These social posters aboveharvested from Twitter and other platforms show the political genesis of the looting and protest campaign and its insurrectionary characteristics. They reveal that shutdowns were initially organised in ANC colours and that the release of Zuma is still a key demand. One of the messages tells organisers not to wear ANC colours.

While the looting campaign has appeared to be organic and leaderless, an intelligence document seen by Daily Maverick says the organisers may have worked through disgruntled ward councillors and other local ANC leaders. KwaZulu-Natal is the most divided of the ANC provinces. Neither KwaZulu-Natal Premier Sihle Zikalala nor Mayor Kaunda have been able to condemn the mayhem without adding the rider that they do not agree with Zumas jailing and support a presidential pardon for him.

Social media accounts used by the so-called Radical Economic Transformation (RET) faction of the ANC are high-fiving the worst violence and keep appending posts demanding Zumas release to these. One of the social cards shows the early advertisement of a Rampahosa must fall march on July 30, which seems to be the ultimate outcome of the protests: to displace the current establishment of the ANC with the RET grouping. Daily Maverick was unable to confirm whether or not this march will go ahead.

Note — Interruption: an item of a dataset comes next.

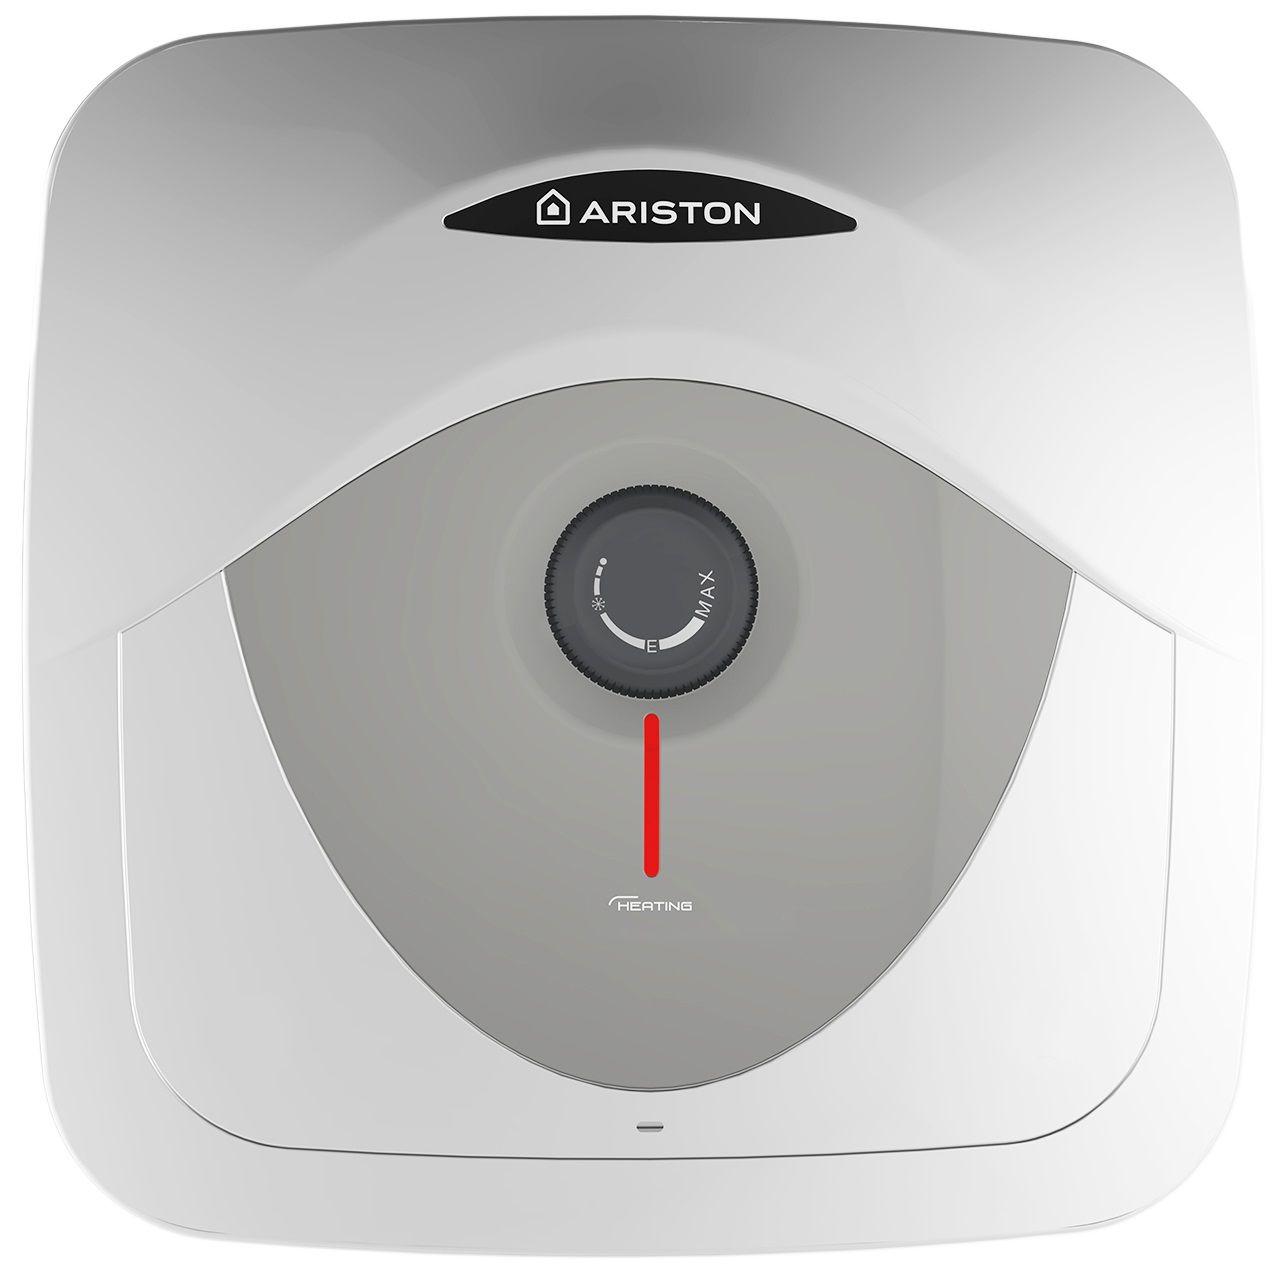 Boiler electric Ariston Andris RS 10 EU, 10 l, 1200 W, Led iluminat, Protectie electrica IPX1, Montare deasupra chiuvetei, Reglaj extern de temperatura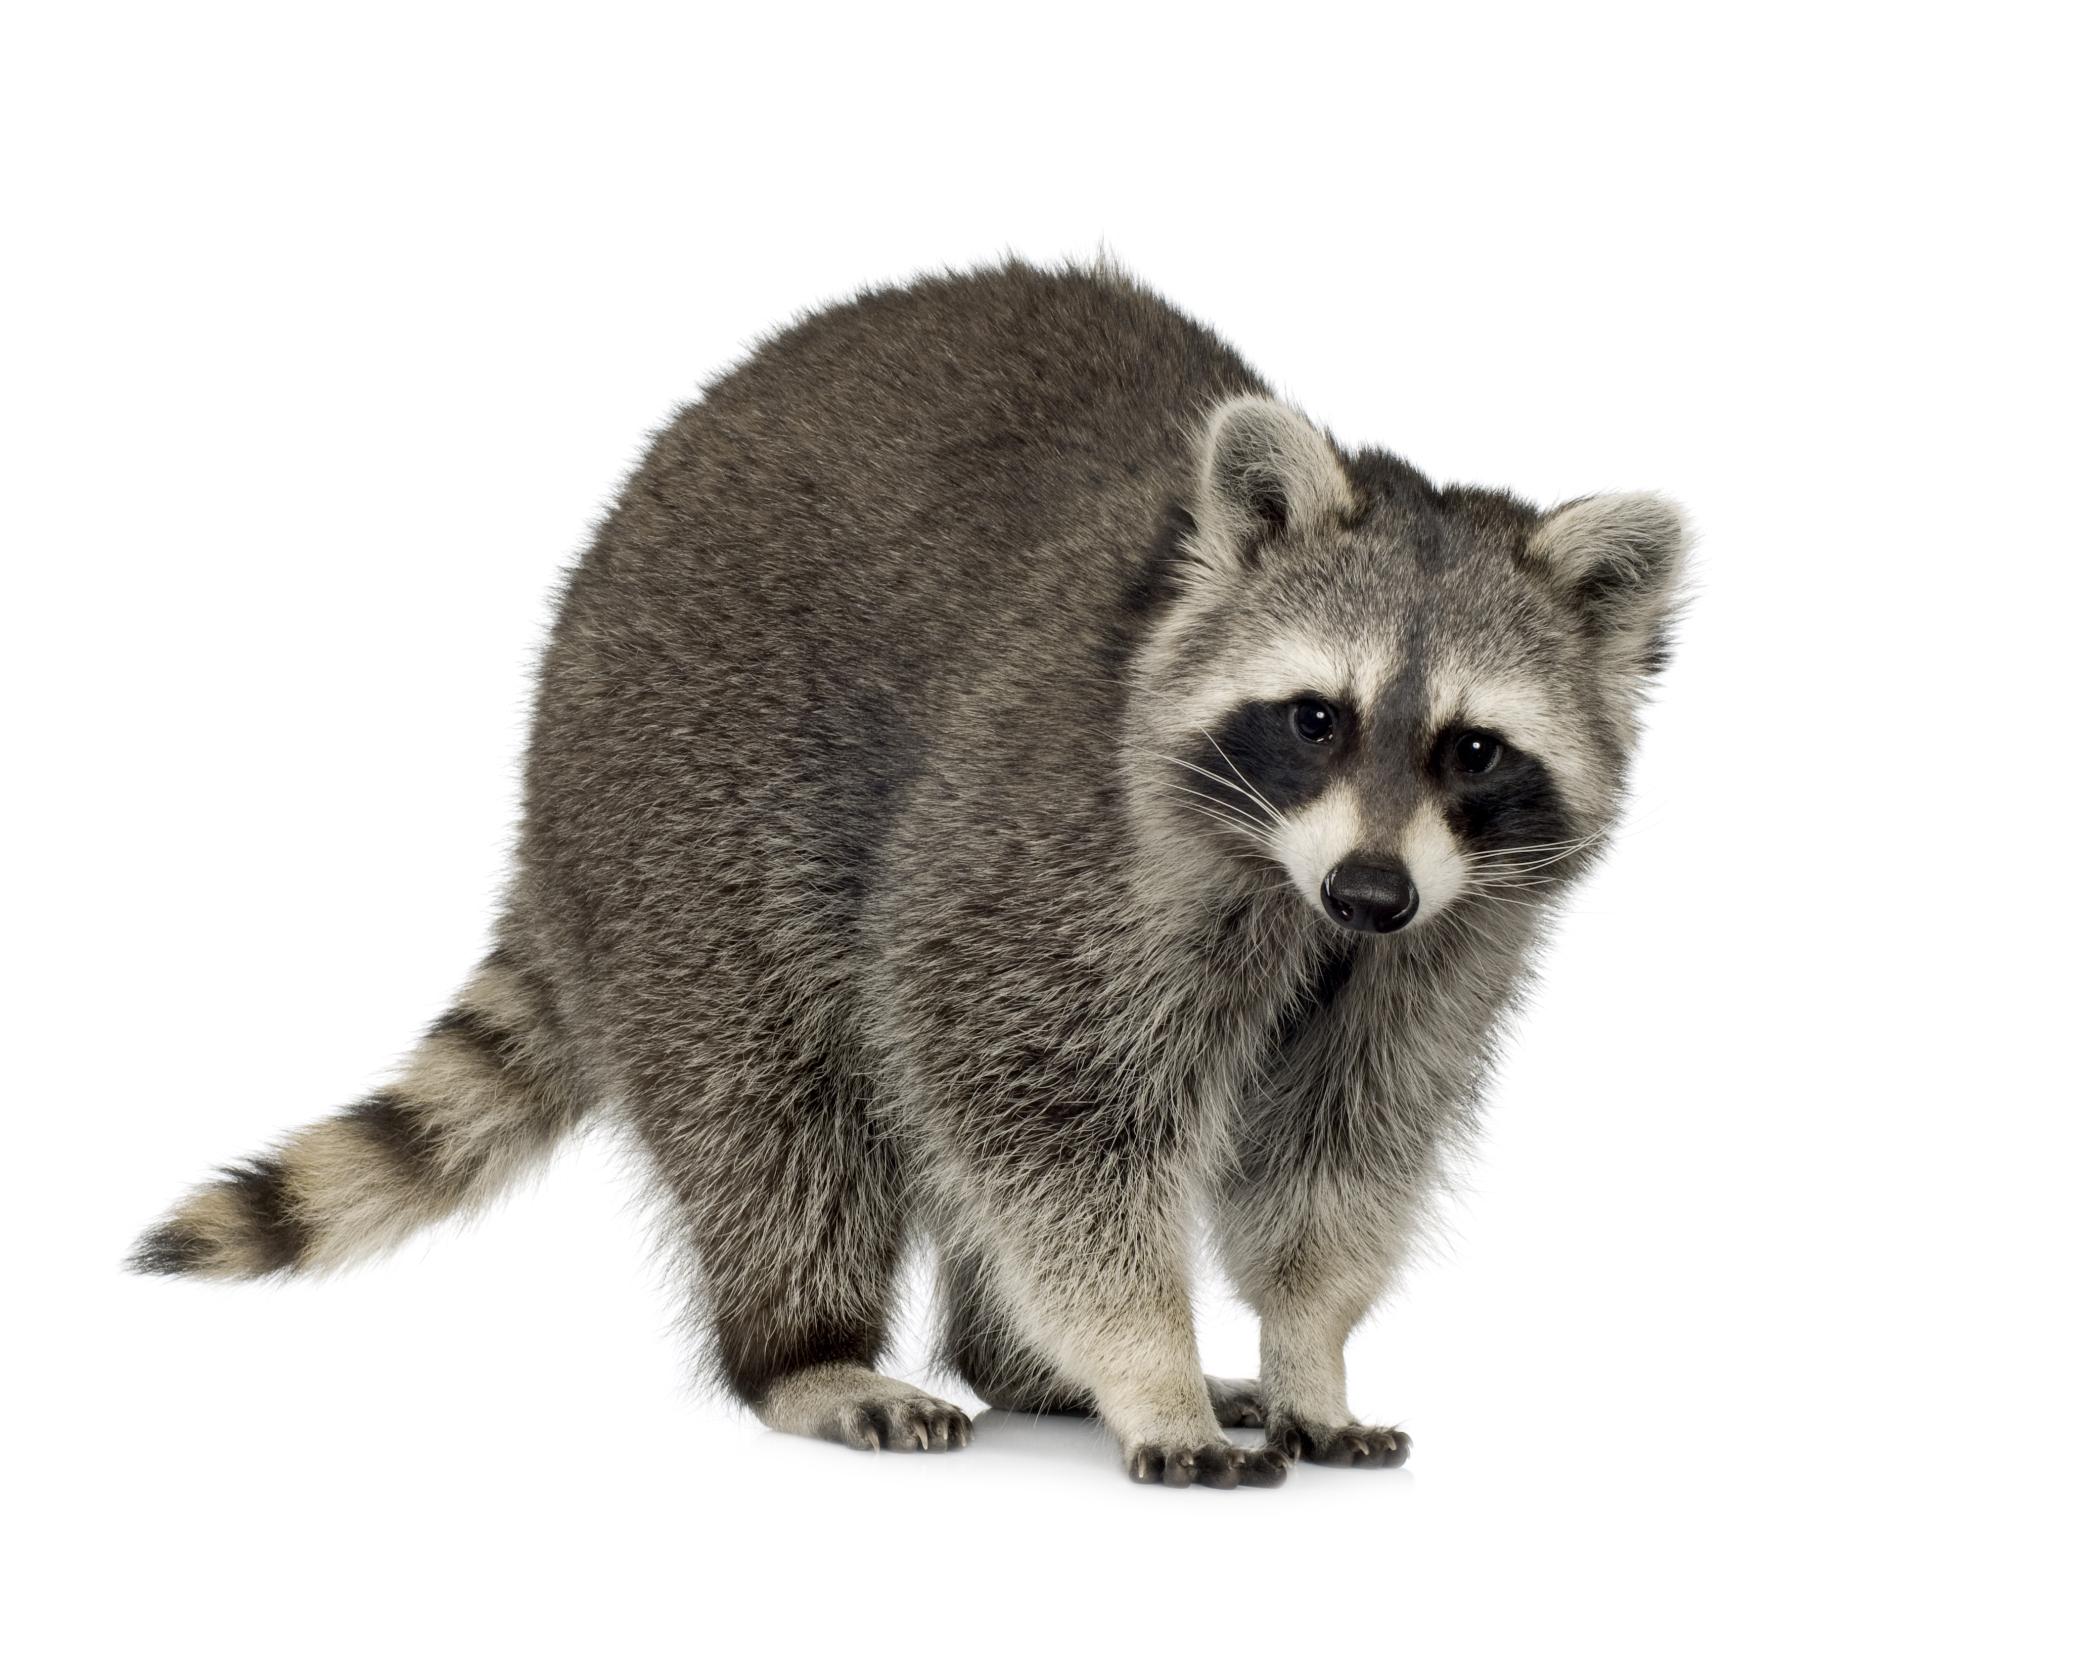 HQ Raccoon Wallpapers | File 1003.03Kb

This grouping has revealed its desperation with the campaign of violence that knee-capped South Africa. A reformed National Prosecuting Authority has put key players like suspended Secretary-General Ace Magashule on the defensive as he faces Free State-related corruption charges in court in August. The ANC itself has put its own reform into top gear. In the past week, it has suspended RET spokesperson Carl Niehaus, Mpumalanga leader Michael Ngrayi Ngwenya and on Wednesday suspended the Eastern Cape renegade politician, Andile Lungisa.

The RET feeder and funder networks have been disabled by the revelations at the Commission of Inquiry into State Capture the institution whose work has turned up the heat so much that it has catalysed what some are calling an attempted coup this week. The insurgency or riots reveal the potency of social media as an organising tool. For a population of 59.67-million people, South Africa has 100.6 million mobile connections people have multiple SIM cards.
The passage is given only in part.